--- Input data ---
((

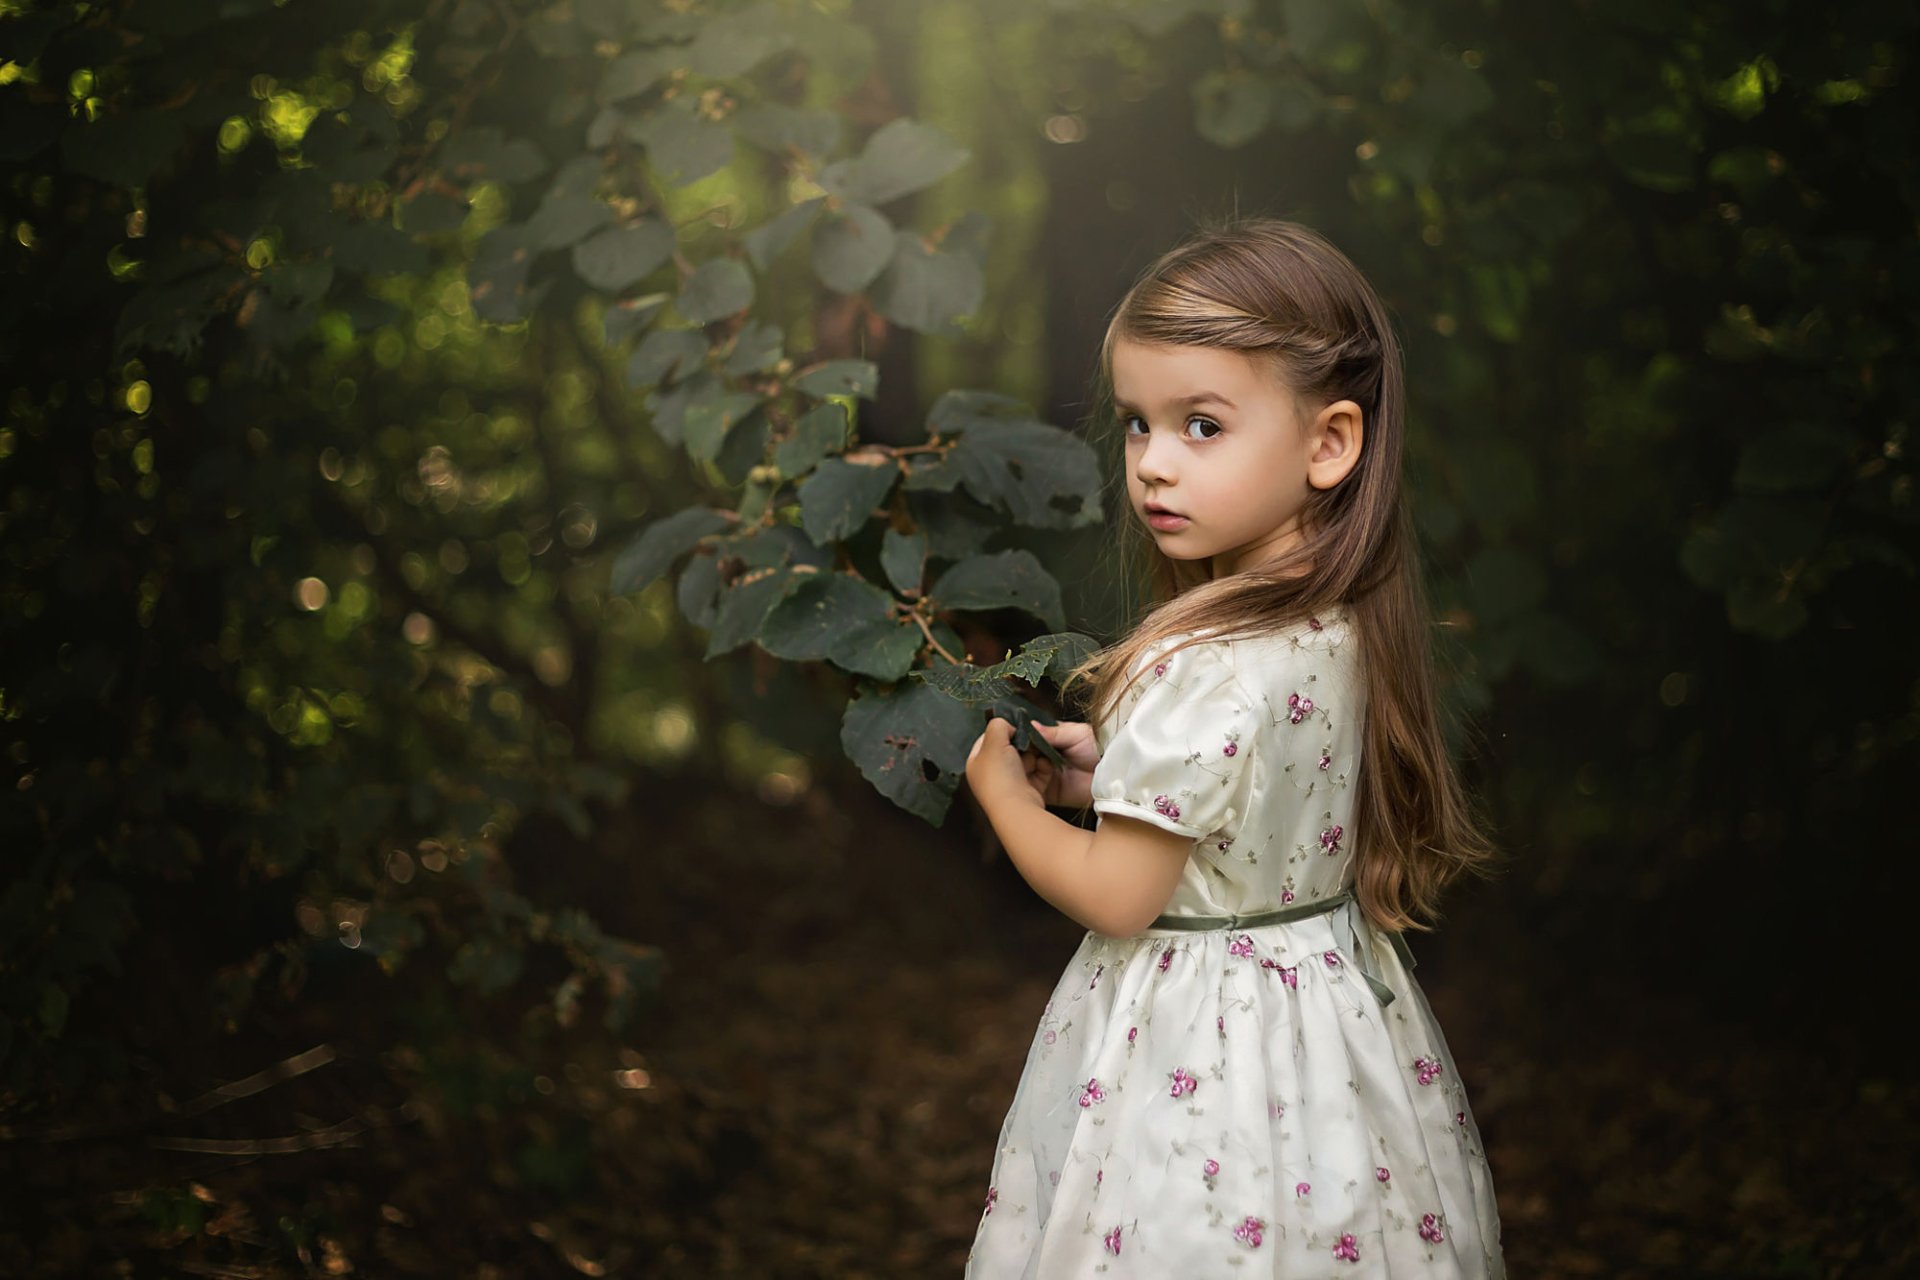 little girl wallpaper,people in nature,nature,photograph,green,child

))
((

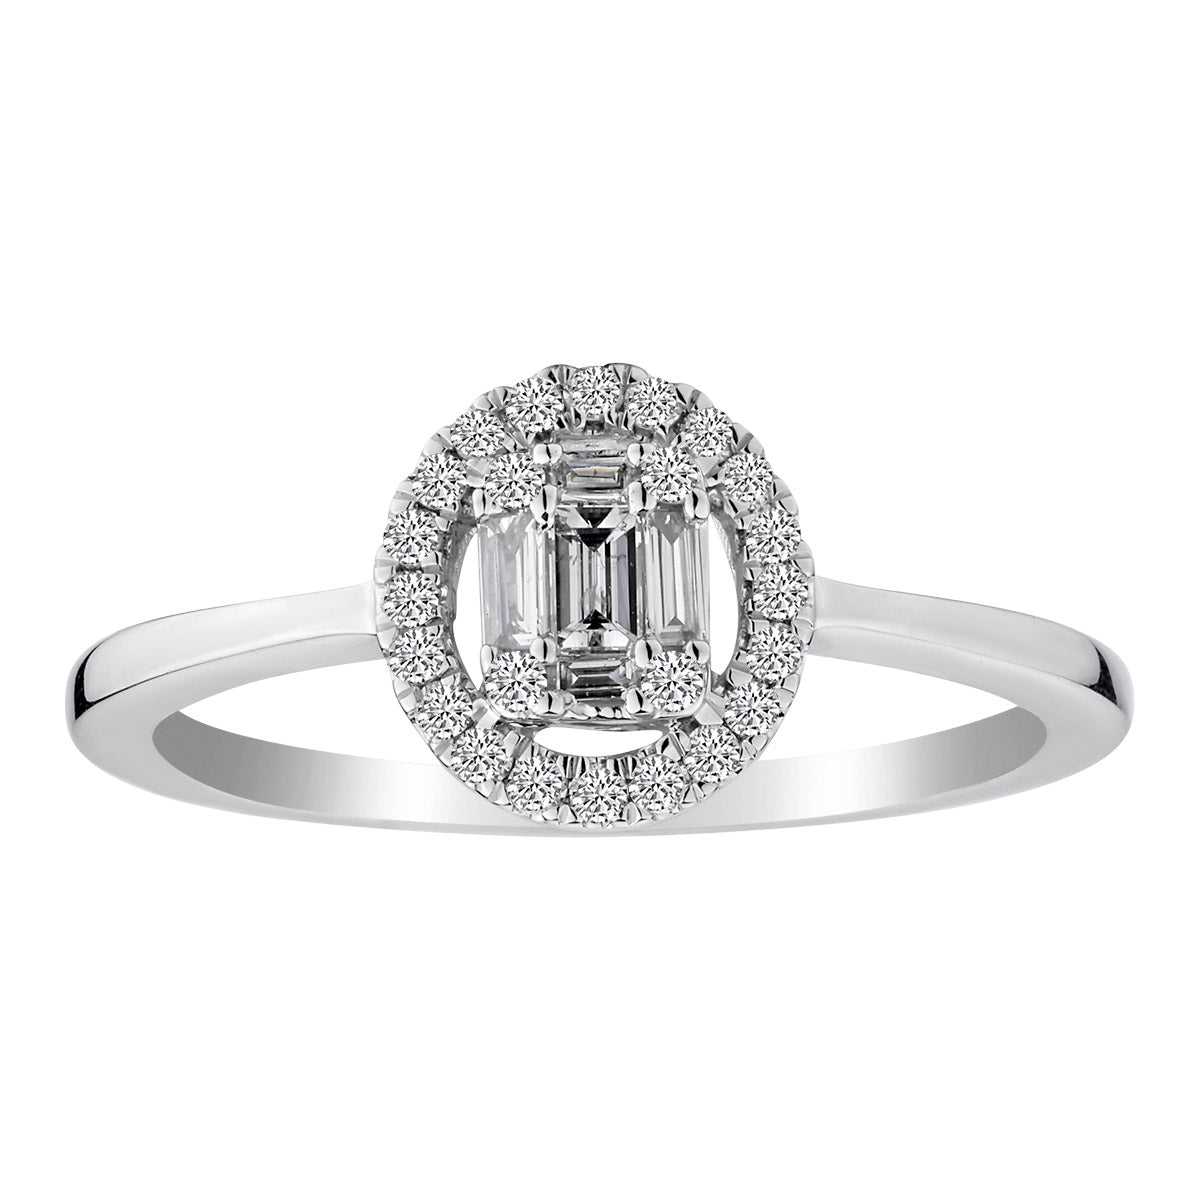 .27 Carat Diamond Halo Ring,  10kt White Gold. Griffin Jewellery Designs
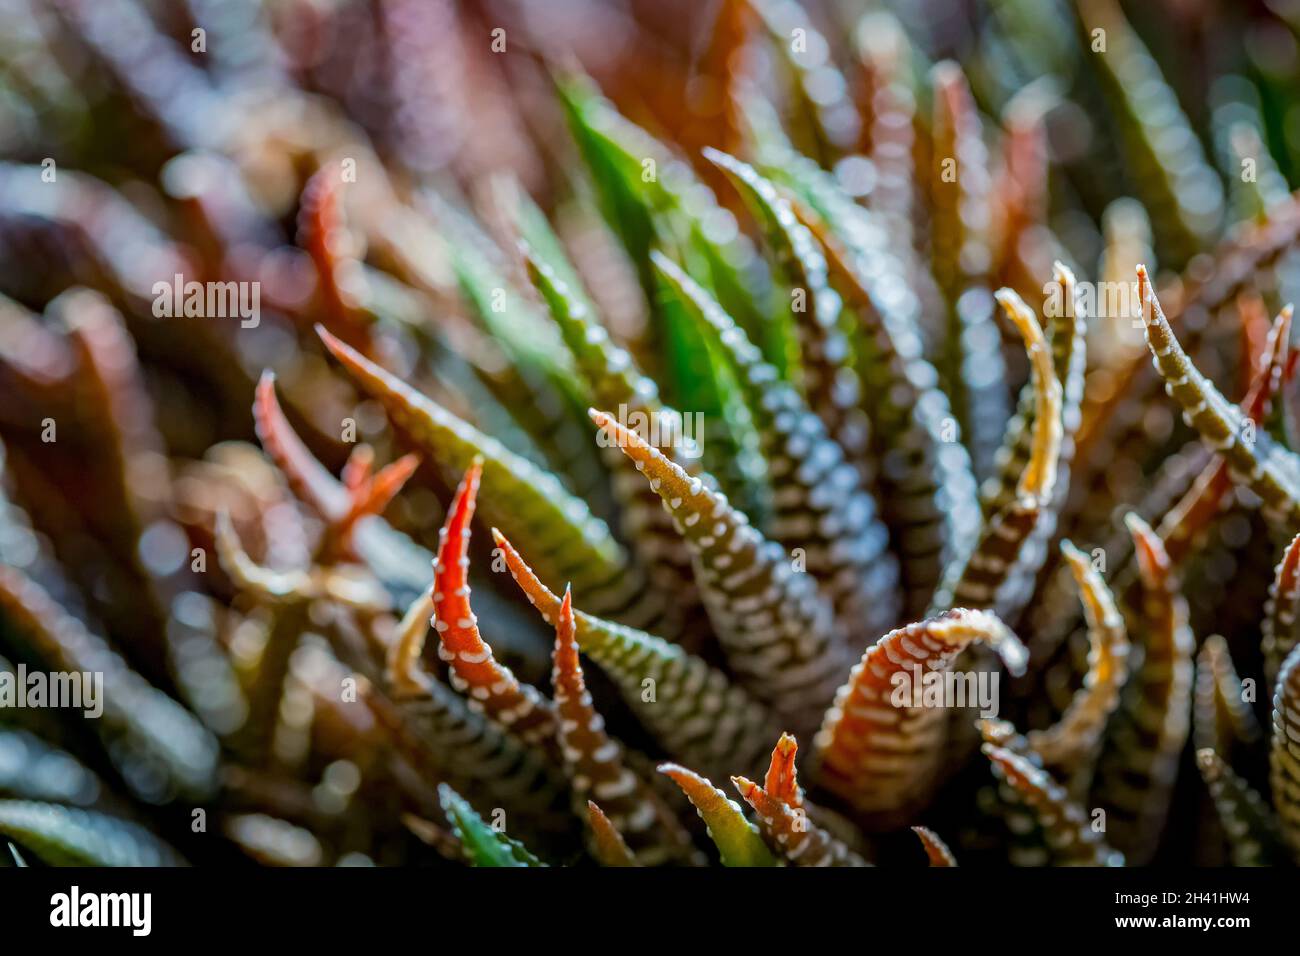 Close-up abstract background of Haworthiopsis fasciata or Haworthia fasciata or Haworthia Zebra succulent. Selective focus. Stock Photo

))
((

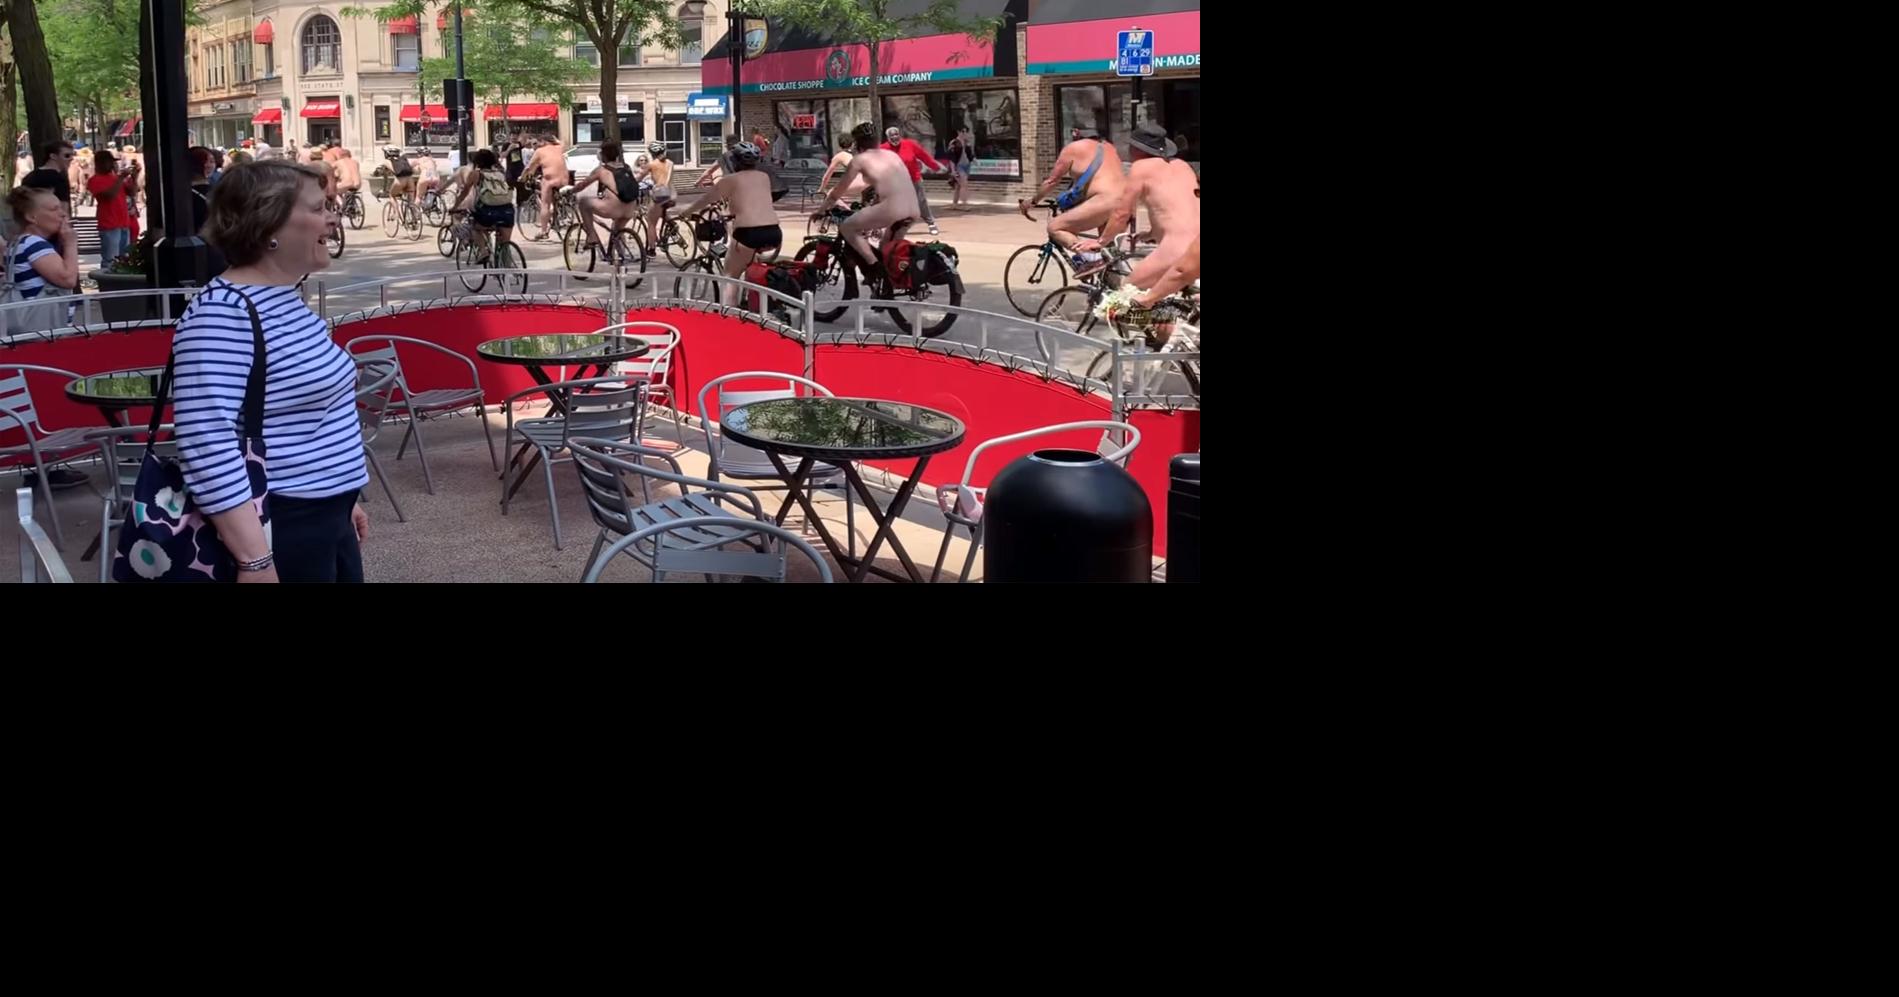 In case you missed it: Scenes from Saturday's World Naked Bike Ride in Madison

))

Give again, exactly as written above, every line from the one holding "Griffin Jewellery Designs" to the one holding "Close-up abstract background", with both ends kept and the pictures left out.

--- Exercise output ---
 .27 Carat Diamond Halo Ring,  10kt White Gold. Griffin Jewellery Designs
 Close-up abstract background of Haworthiopsis fasciata or Haworthia fasciata or Haworthia Zebra succulent. Selective focus. Stock Photo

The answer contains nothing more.